Suzanne Bailey is Professor of English at Trent University in Peterborough, Canada. She is the author of Cognitive Style and Perceptual Difference in Browning’s Poetry (2010) and has published on a range of issues in Victorian intellectual history in Victorian Poetry, Victorian Studies, Women’s Writing, and other journals. Her most recent work appears in Mosaic and the University of Toronto Quarterly.

Florence S. Boos is a professor of English at the University of Iowa. She is the general editor of the William Morris Archive and author/editor of several books on working-class women poets, the Pre-Raphaelites, and William Morris, most recently the forthcoming The Early Writings of William Morris (Ohio State UP).

Frank Fennell is Professor of English and Dean Emeritus of the College of Arts and Sciences at Loyola University Chicago. He is author or editor of six books, primarily on Victorian literature, including Rereading Hopkins: Selected New Essays, and he has published numerous articles, especially on Hopkins. His current project is a book on Hopkins and his readers.

Benjamin F. Fisher, Emeritus Professor of English, University of Mississippi, has published many studies on Victorian and American topics. He is currently working on an edition of Ella D’Arcy’s correspondence.

Karen Hadley is Associate Professor of English at the University of Louisville in Louisville, Kentucky. Her sustaining concern has been in the politics of time in the poetry of William Wordsworth, though she also has articles forthcoming on Blake’s Marygold in Visions of the Daughters of Albion, and on the aesthetics of ugliness in Mary Shelley’s Frankenstein. She has published in English Literary History, Studies in English Literature, Modern Philology, and elsewhere.

Linda K. Hughes is Addie Levy Professor of Literature at Texas Christian University.

Clinton Machann is Professor of English at Texas A&M University. Among his publications are The Genre of Autobiography in Victorian Literature (1994), The Essential Matthew Arnold: An Annotated Bibliography of Major Modern Sources (1993), Matthew Arnold: A Literary Life (1998), and Masculinity in Four Victorian Epics: A Darwinist Reading (2010). [End Page 589]

Rosemarie Morgan taught at Yale University (1985–2000) and currently lectures at international conferences. She is President of The Thomas Hardy Association, Vice President of The Thomas Hardy Society, author of Women and Sexuality in the Novels of Thomas Hardy (1988), Cancelled Words: Rediscovering Thomas Hardy (1999), Student Companion to Thomas Hardy (2006), Ed., Far From the Madding Crowd (2000) and is editor of the biannual Hardy Review. She has also published on Toni Morrison, Charlotte Brontë, Mary Chesnut, and American Women Frontier Writers.

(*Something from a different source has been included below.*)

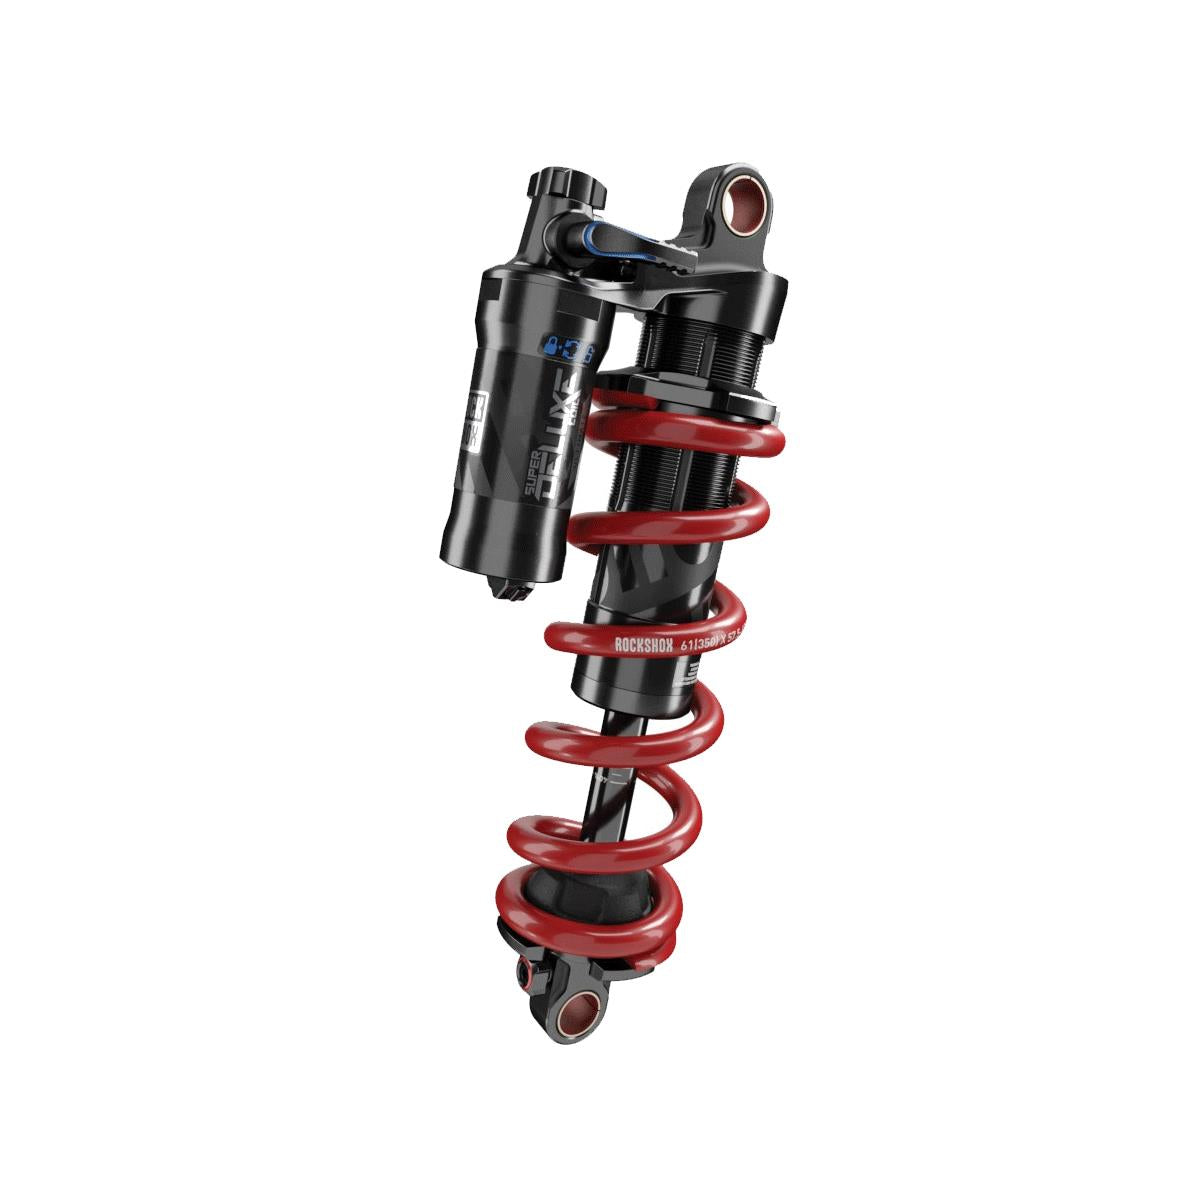 ROCKSHOX REAR SHOCK SUPER DELUXE ULTIMATE COIL RCT (230X65) MREB/LCOMP, 380LB LOCKOUT FORCE, STANDARD, STANDARD (INCLUDES 10X20,10X40 HARDWARE) YT JEFFSY 27.5"

Michelle Niemann is a Postdoctoral Fellow with the Sawyer Seminar on the Environmental Humanities at University of California, Los Angeles. In August 2014, she earned her PhD in English literature from the University of Wisconsin-Madison. She is currently working on a book project, titled “Organic Forming: Poetry, Ecology, Agriculture,” about organic metaphors in twentieth century American poetry and in the organic farming movement.

Albert D. Pionke is Professor of English at the University of Alabama. He is the author of Plots of Opportunity: Representing Conspiracy in Victorian England (2004) and The Ritual Culture of Victorian Professionals: Competing for Ceremonial Status, 1838–1877 (2013) as well as the co-editor of Victorian Secrecy: Economies of Knowledge and Concealment (2010).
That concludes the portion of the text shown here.